» DATA EXCERPTS:
========
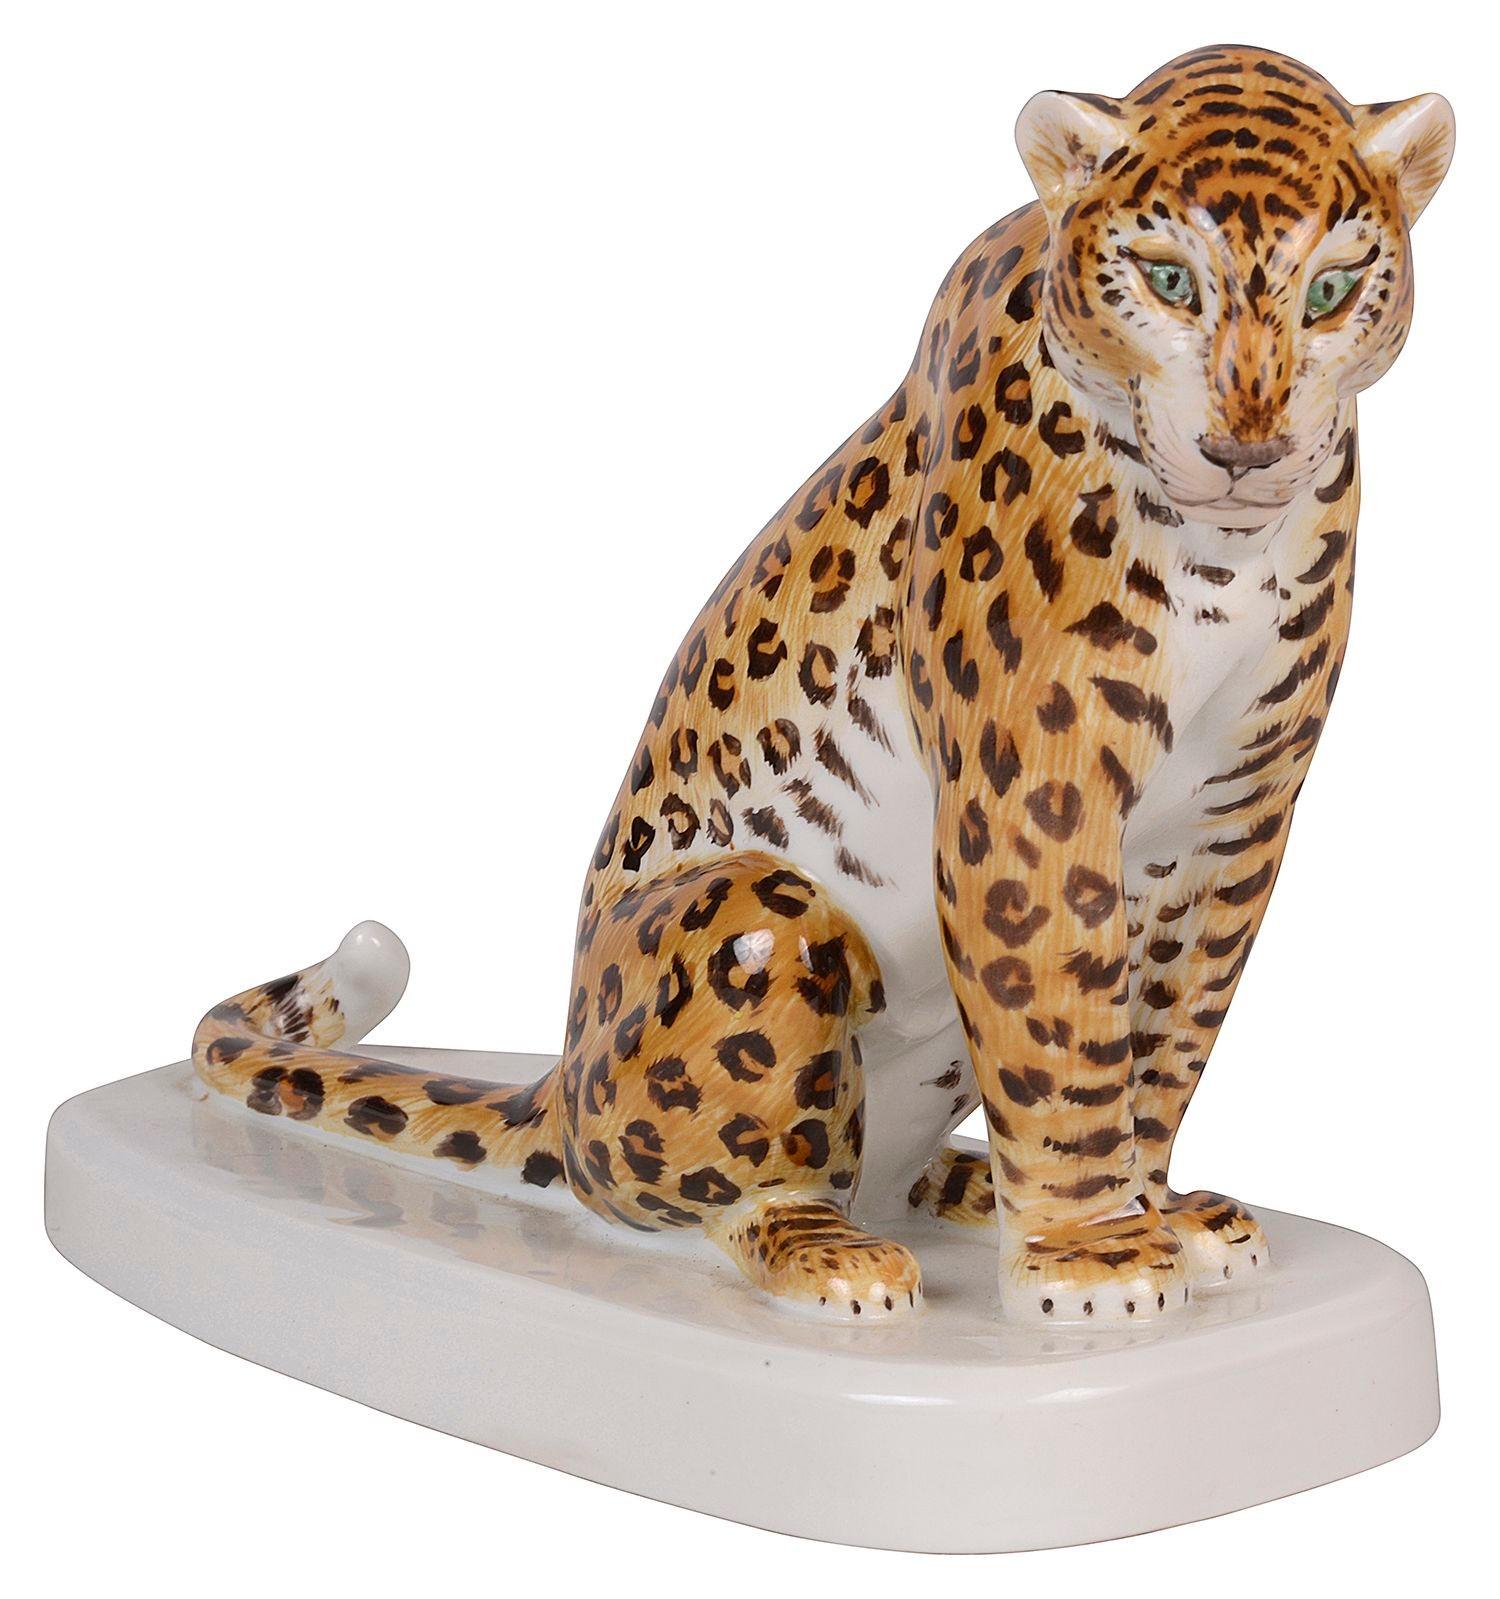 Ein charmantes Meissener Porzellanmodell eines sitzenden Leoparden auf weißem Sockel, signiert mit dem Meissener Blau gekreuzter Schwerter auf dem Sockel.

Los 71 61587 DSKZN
========
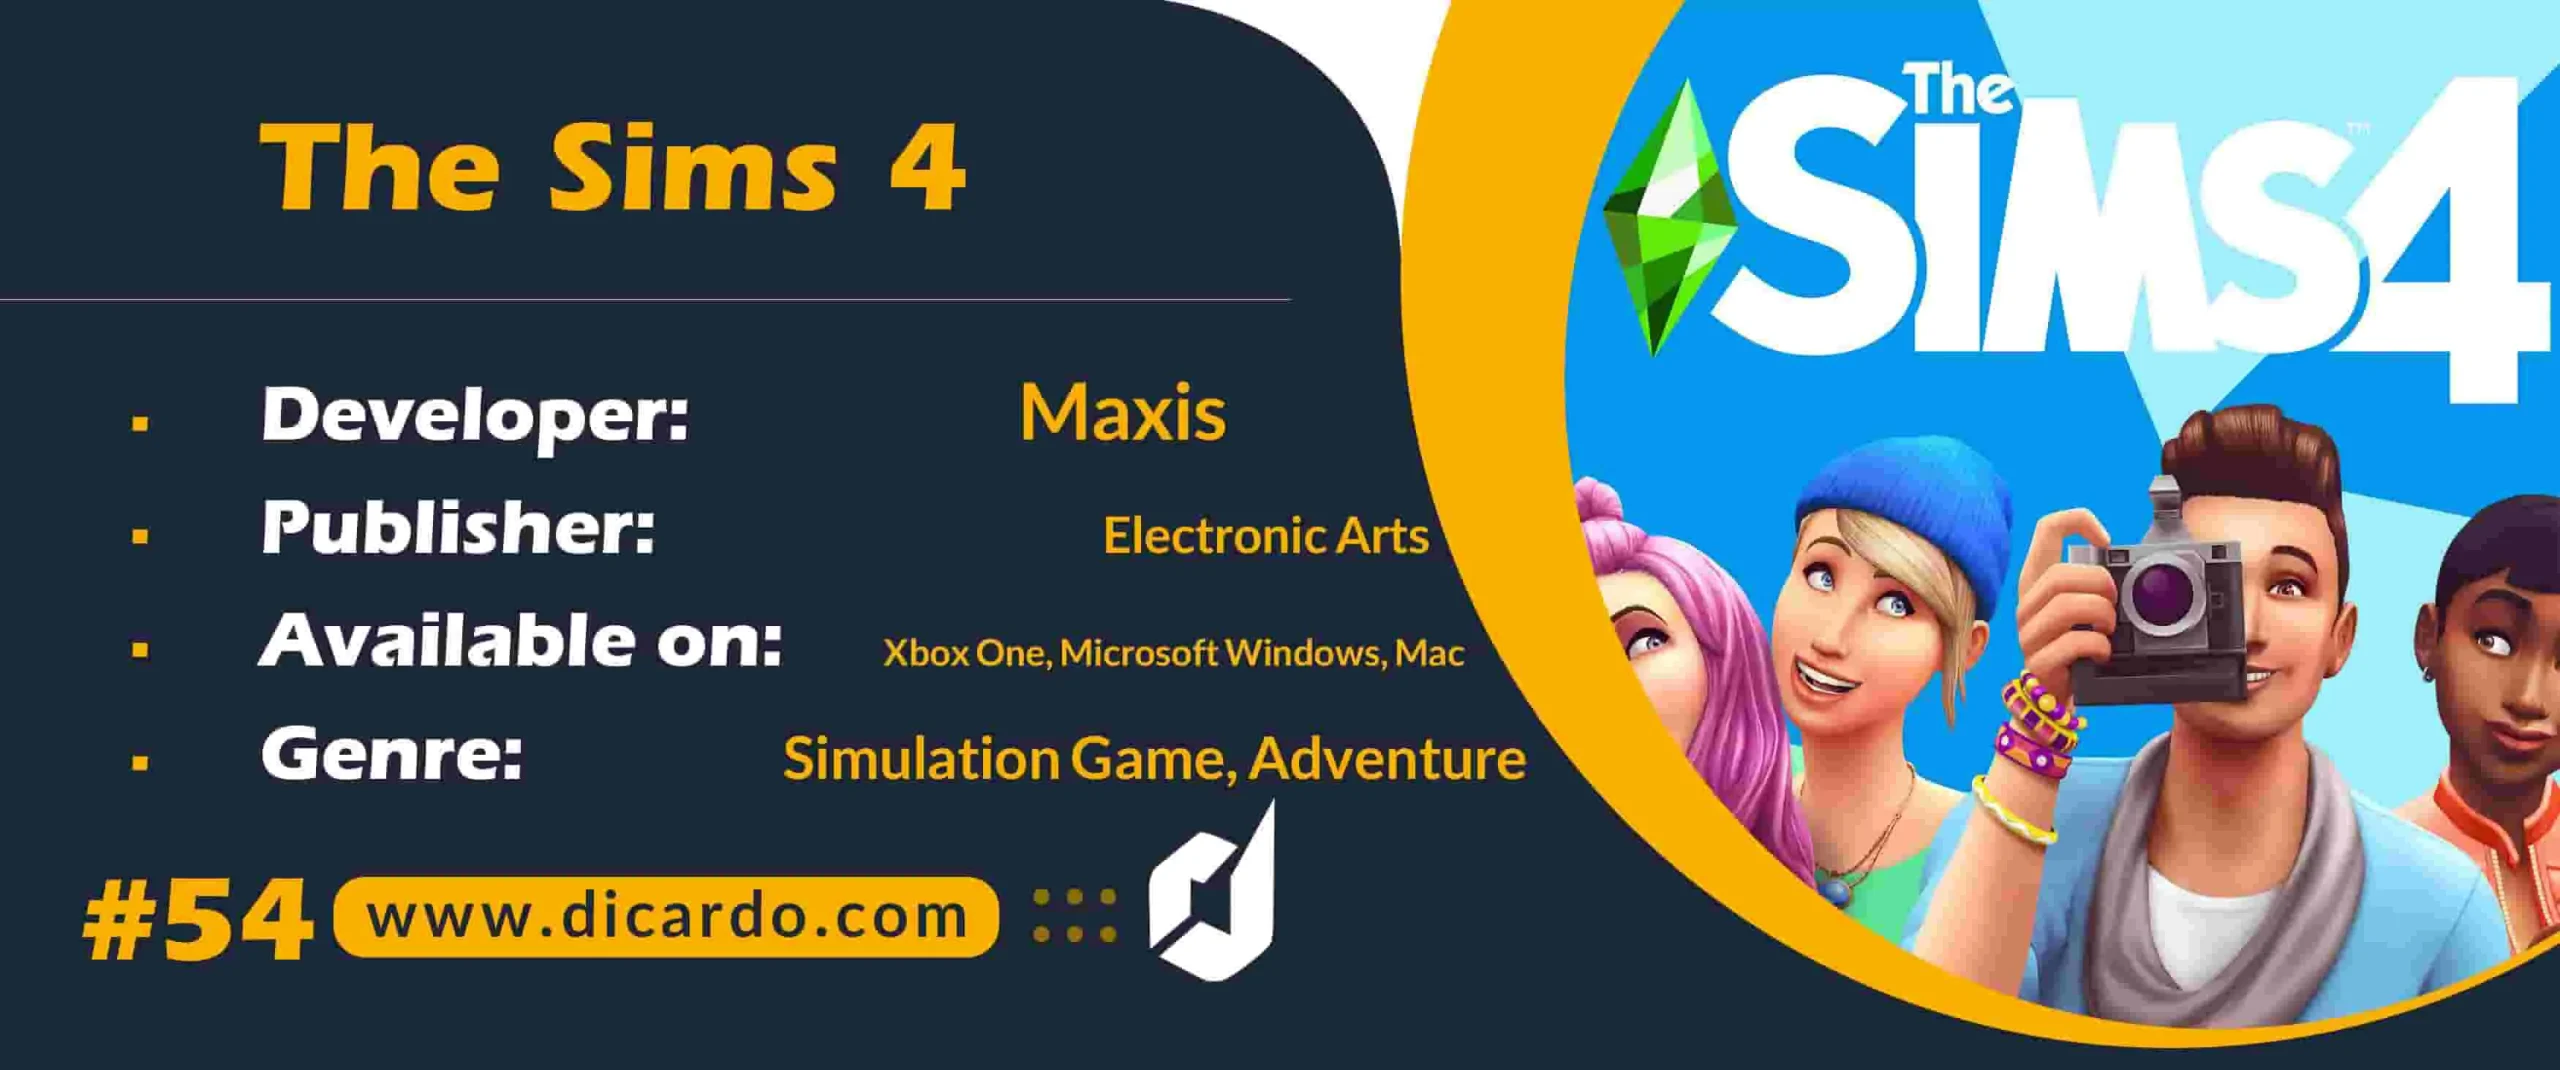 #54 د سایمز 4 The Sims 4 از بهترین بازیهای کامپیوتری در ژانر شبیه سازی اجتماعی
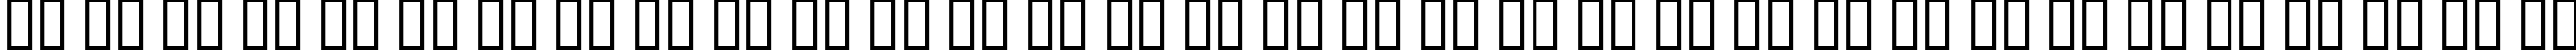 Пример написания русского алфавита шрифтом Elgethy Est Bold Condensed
========
» TRY IT:
From the records above, extract the lines from the one holding "Ein charmantes Meissener" through the one holding "Los 71 61587 DSKZN", word for word; omit the pictures.

» REPLY:
 Ein charmantes Meissener Porzellanmodell eines sitzenden Leoparden auf weißem Sockel, signiert mit dem Meissener Blau gekreuzter Schwerter auf dem Sockel.

Los 71 61587 DSKZN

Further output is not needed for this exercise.